日本地球惑星科学連合2021年大会

講演情報

[E] 口頭発表

セッション記号 A (大気水圏科学) » A-CG 大気海洋・環境科学複合領域・一般

[A-CG36] 衛星による地球環境観測

2021年6月3日(木) 13:45 〜 15:15 Ch.08 (Zoom会場08)

コンビーナ:沖 理子(宇宙航空研究開発機構)、本多 嘉明(千葉大学環境リモートセンシング研究センター)、高薮 縁(東京大学 大気海洋研究所)、松永 恒雄(国立環境研究所地球環境研究センター/衛星観測センター)、座長:岡本 幸三(気象研究所)、三好 建正(理化学研究所)

14:45 〜 15:00

[ACG36-17] Ensemble-Based Data Assimilation of GPM DPR Reflectivity into the Nonhydrostatic Icosahedral Atmospheric Model NICAM

★Invited Papers

*小槻 峻司1,2、寺崎 康児2、佐藤 正樹3、三好 建正2 (1.千葉大学 環境リモートセンシング研究センター、2.理化学研究所 計算科学研究センター、3.東京大学 大気海洋研究所)

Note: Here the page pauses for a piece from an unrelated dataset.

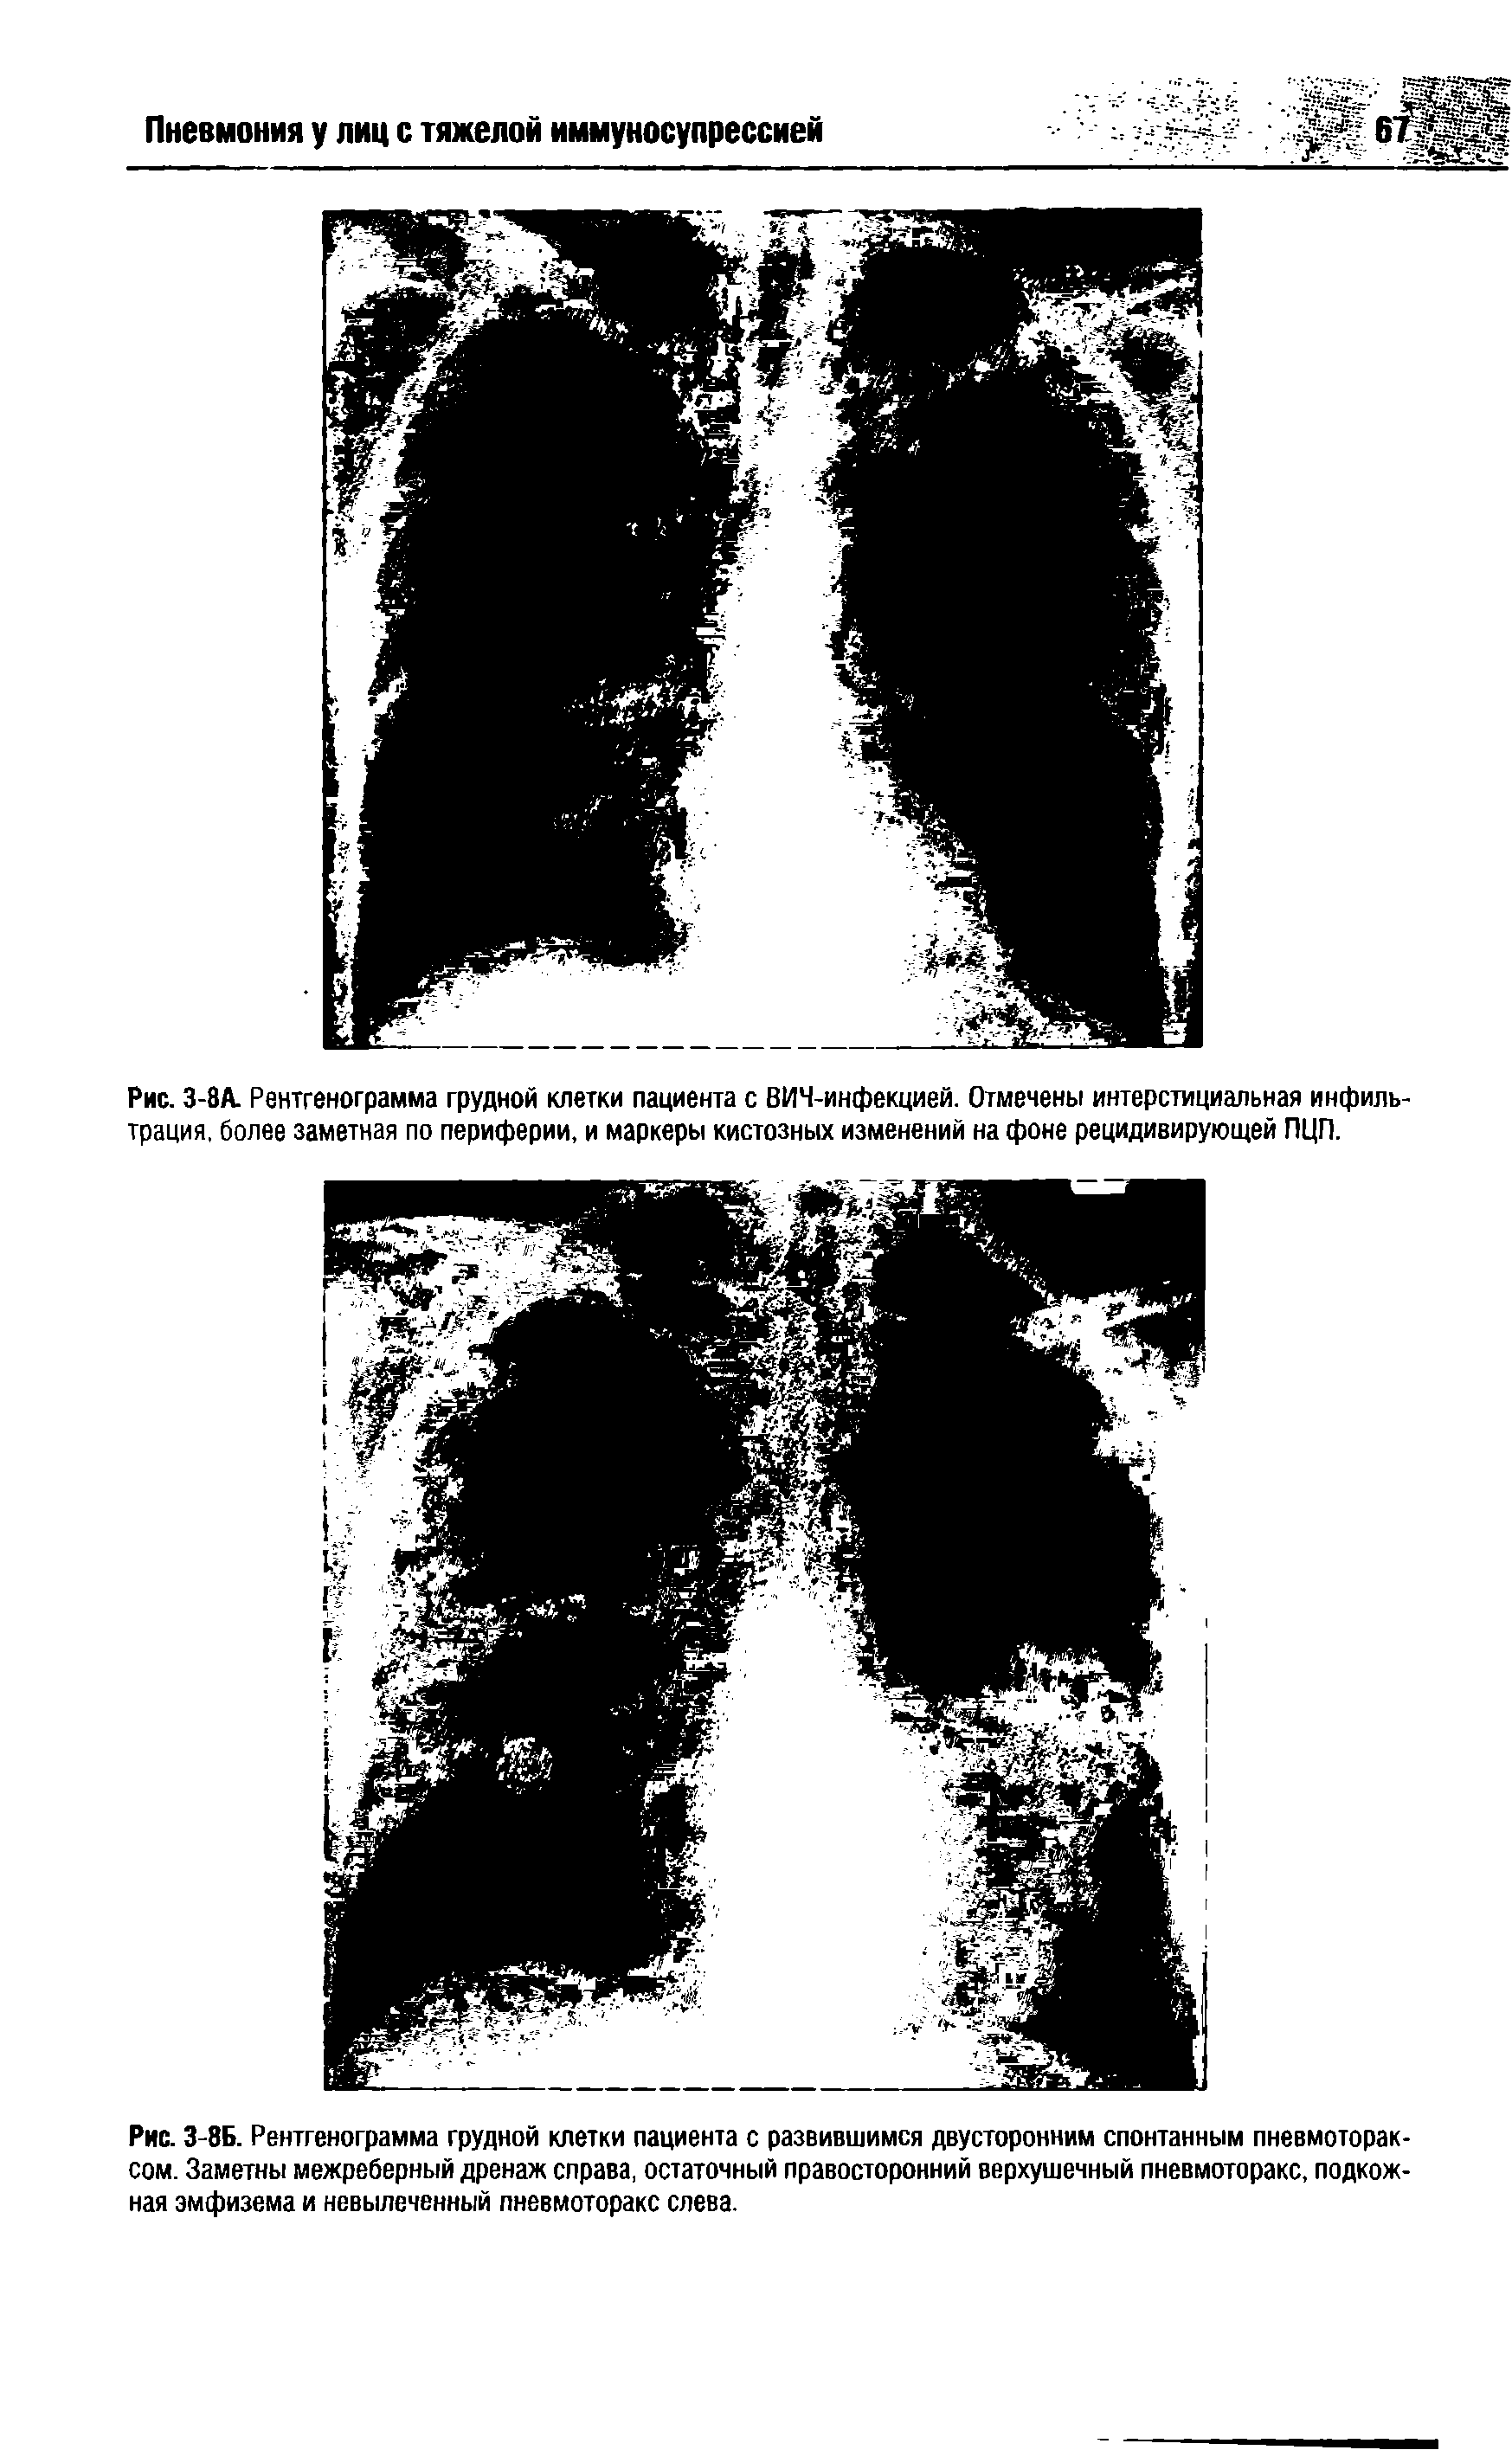 Рис. 3-8Б. Рентгенограмма грудной клетки пациента с развившимся двусторонним спонтанным пневмотораксом. Заметны межреберный дренаж справа, остаточный правосторонний верхушечный пневмоторакс, подкожная эмфизема и невыпеченный пневмоторакс слева.

キーワード:降水、GPM DPR、データ同化、NICAM-LETKF、パラメータ推定

This study aims to improve the precipitation forecasts from numerical weather prediction models through effective assimilation of satellite-observed precipitation data. The assimilation of precipitation data is known to be difficult mainly due to highly non-Gaussian statistics of precipitation-related variables. We have been developing a global atmospheric data assimilation system NICAM-LETKF, which comprises the Nonhydrostatic ICosahedral Atmospheric Model (NICAM) and Local Ensemble Transform Kalman Filter (LETKF). Using the NICAM-LETKF system, Kotsuki et al. (2017, JGR) successfully improved the weather forecasts by assimilating the Japan Aerospace eXploration Agency (JAXA)’s Global Satellite Mapping of Precipitation (GSMaP) data into the NICAM at 112-km horizontal resolution. However, assimilating space-borne precipitation radar data remains to be a challenging issue.

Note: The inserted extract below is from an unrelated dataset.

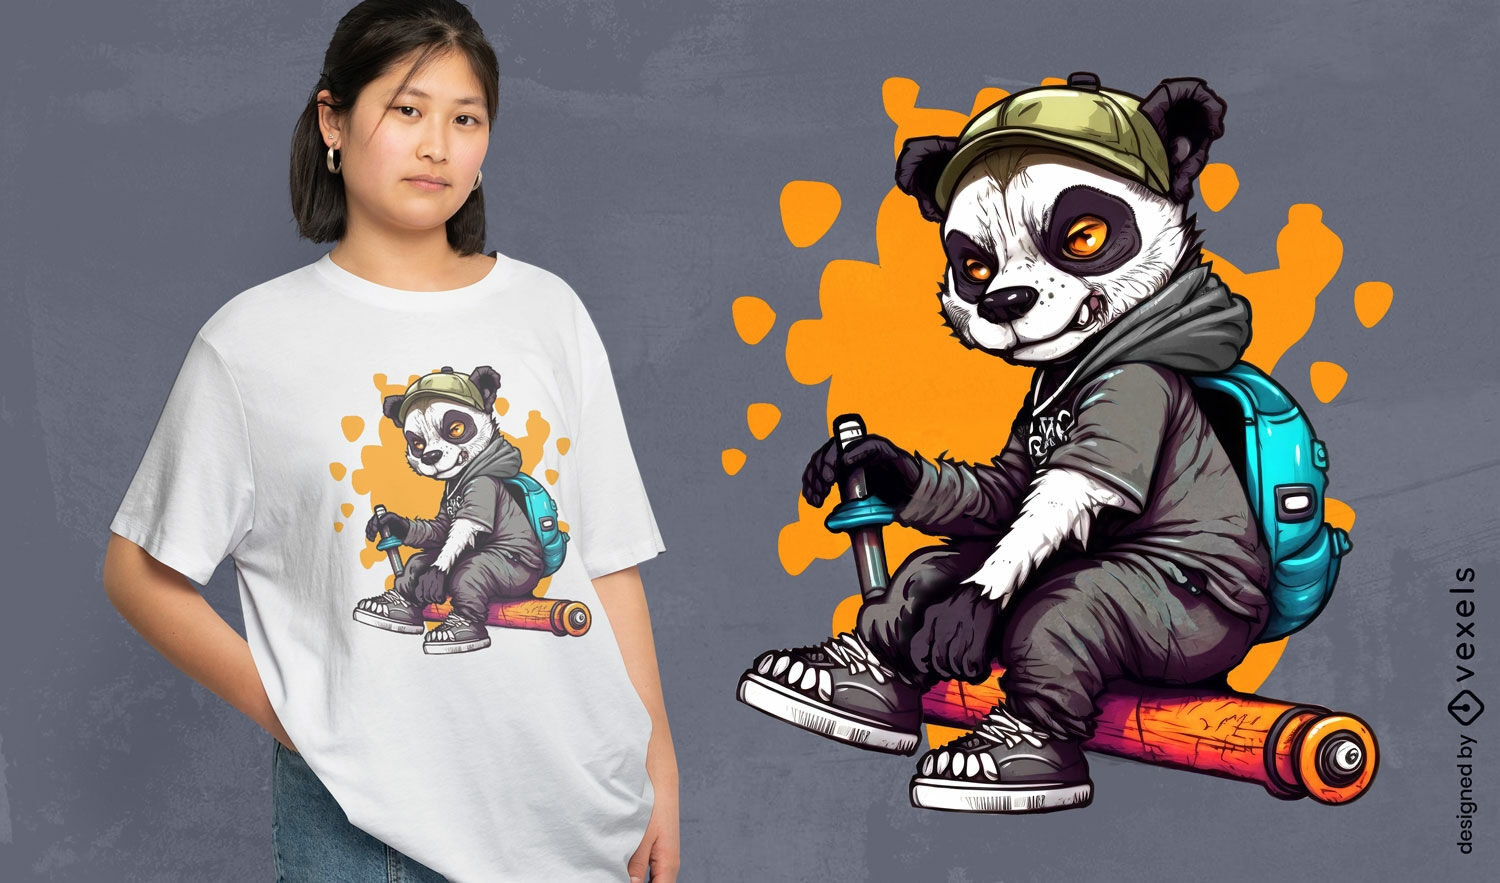 Panda-B?ren-Rebellen-Cartoon-T-Shirt-Design

This study pioneers to assimilate radar reflectivity measured by the Dual-frequency Precipitation Radar (DPR) onboard the Global Precipitation Measurement (GPM) core satellite into the NICAM. We conduct the NICAM-LETKF experiments at 28-km horizontal resolution with explicit cloud microphysics of a single-moment 6-class bulk microphysics scheme. To simulate GPM DPR reflectivity from NICAM model outputs, the Joint-Simulator (Hashino et al. 2013; JGR) is used. Our initial tests showed a better match with the observed reflectivity by assimilating GPM DPR reflectivity into NICAM forecasts. However, the results from a 1-month data assimilation cycle experiment showed general degradation by assimilating GPM DPR reflectivity. For better use of GPM DPR reflectivity data, we estimated a model cloud physics parameter corresponding to snowfall terminal velocity by data assimilation. Parameter estimation reduced the snowfall terminal velocity, and successfully mitigated the gap between simulated and observed Contoured Frequency by Altitude Diagram (CFAD). The estimated parameter also improved temperature and humidity fields in the mid- to lower troposphere, and precipitation forecasts.